In response to the S&P Platts announcements to adjust the benchmark, there were a litany of market participants who proposed solutions. One of these, from Trafigura -- one of the world’s largest commodity trading and logistics houses, was to utilize data from their Corpus Christi, Texas hub to anchor a new pricing model as current volumes processed there are roughly 300k BPD greater than the current cumulative North Sea production (from the five fields used to establish Brent). Other proposals include incorporating data from either Russian or West African fields, which would seem to invite a host of other geopolitical and reliability issues that could harm the efficacy of the Brent index which would be detrimental to all participants.
In further reference to reliability, the domestic market did not do itself any favors on the global stage in April 2020, as WTI prices plunged to (-$37) oil due to storage and supply/demand constraints exacerbated by the coronavirus lockdowns, but also due, at least, in part to logistical issues within the framework of the domestic crude transport infrastructure that has created bottlenecks in the process of supplying various regions with the necessary volumes cost-effectively. If WTI Midland is going to be relied upon as part of the dated Brent calculus, the United States will need to expand the Cushing, OK hub, and incorporate other similar infrastructure support to broaden that scope and mitigate capacity and other logistical issues at hand. Does the current administration have the appetite for this? Don’t hold your breath.

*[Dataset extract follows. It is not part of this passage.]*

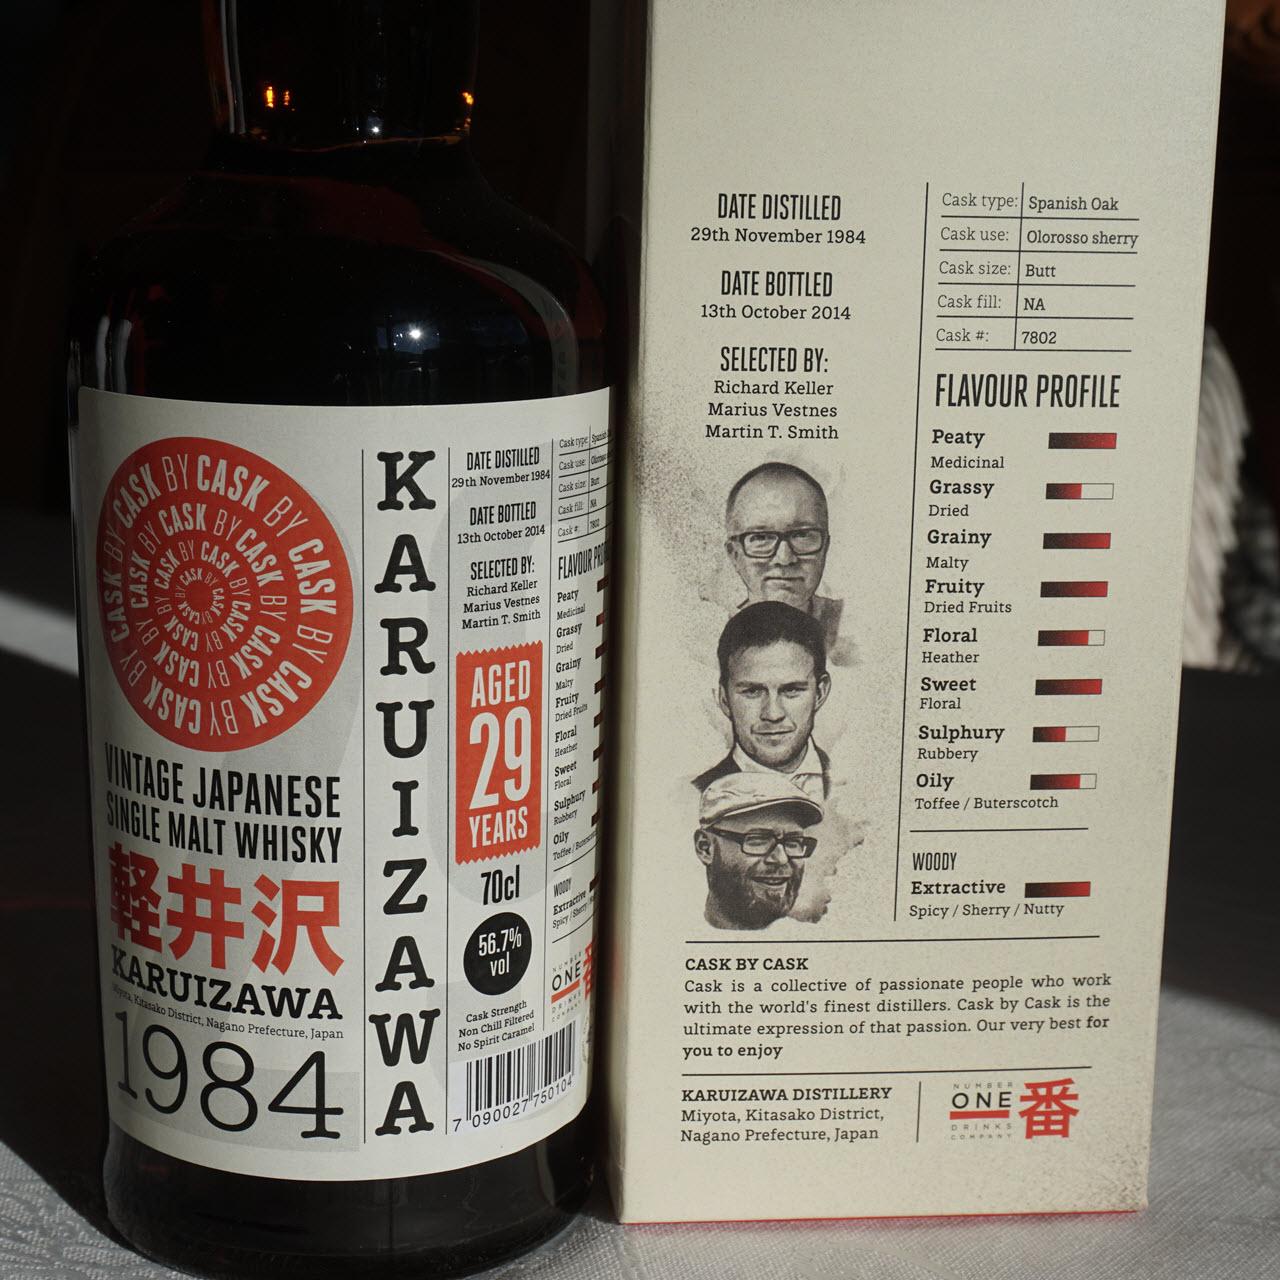 Karuizawa 1984 29 YO Cask #7802 Cask by Cask - details

“After the WTI crude’s historic plunge to negative territory, energy traders’ frustration peaked with the dependence of oil delivery rules and storage capacity problems to a single location in Oklahoma,” said Edward Moya, senior market analyst with OANDA. “Brent crude didn’t have the same problem as WTI, and investors will welcome a US waterborne benchmark.”

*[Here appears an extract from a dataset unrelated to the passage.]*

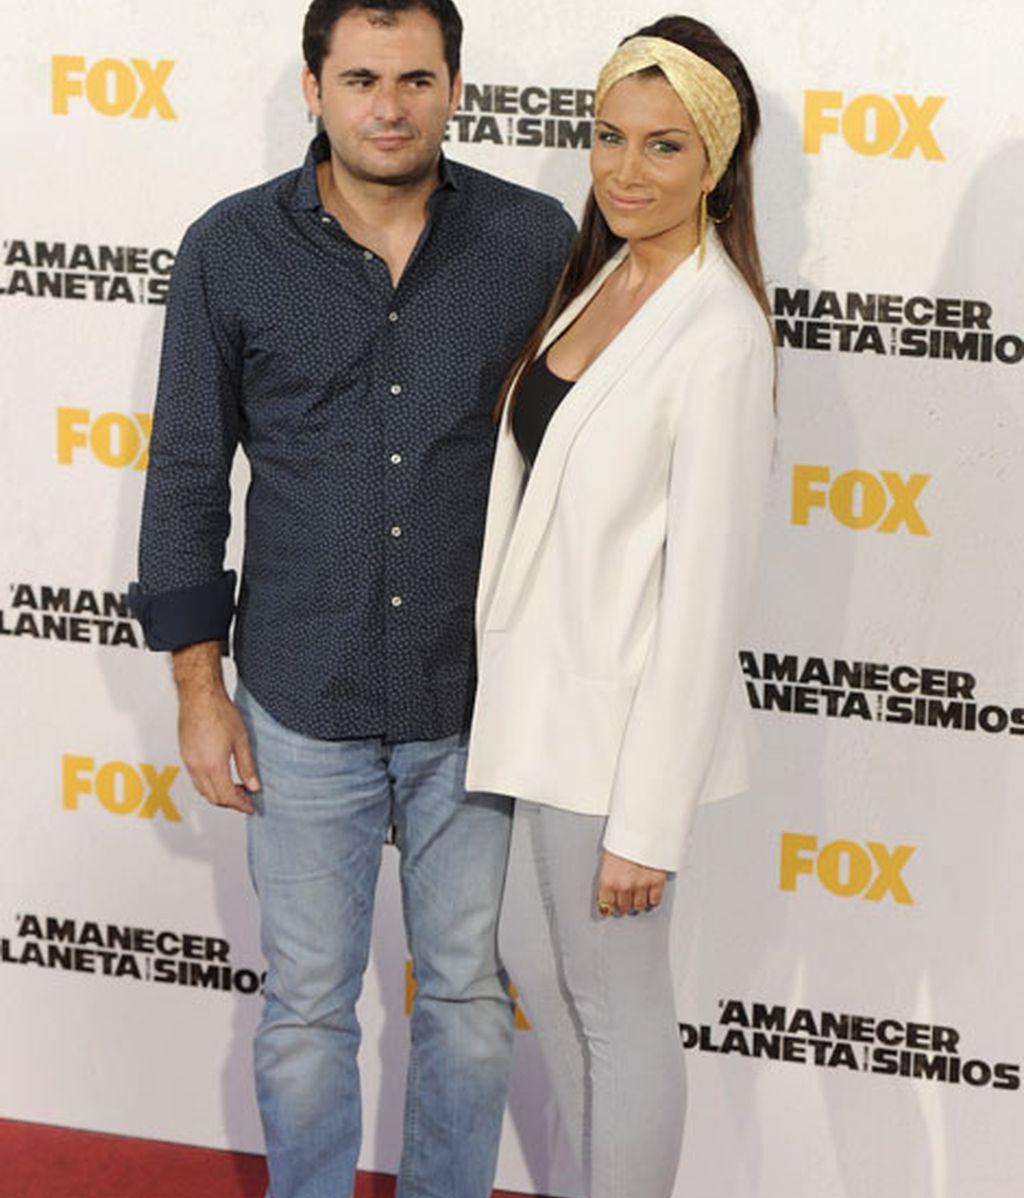 El joyero Emiliano Suárez y su novia Jacqueline Sastre

This conversation will be a key story to track over the next few years as we continue to constrict drilling programs domestically and other market participants race to fill that gap and accrete the requisite power that position holds. For the time being, the market has restabilized as the impending changes have been couched until a consensus can be reached, which is a far cry from the initial announcement from Platts of an indication to make the changes rather suddenly. Will the US continue to give up market share in deference to virtue signaling or will we step up to the plate and maintain our position on the global energy stage by becoming a more integral cog in the crude pricing wheel?
* Note: Before people start to connect the dots here, let’s consider the domestic production curtailment and the associated need to increase crude imports, especially to the virtue-signaling regions of the country i.e. the Northeast, where regulators and legislators have begun to ban new, and in some cases the use of existing, natural gas infrastructure in construction and other development projects. According to the EIA, 2020 was the first time that the United States was a net petroleum exporter; expect that to change in 2021-2023 (at a minimum).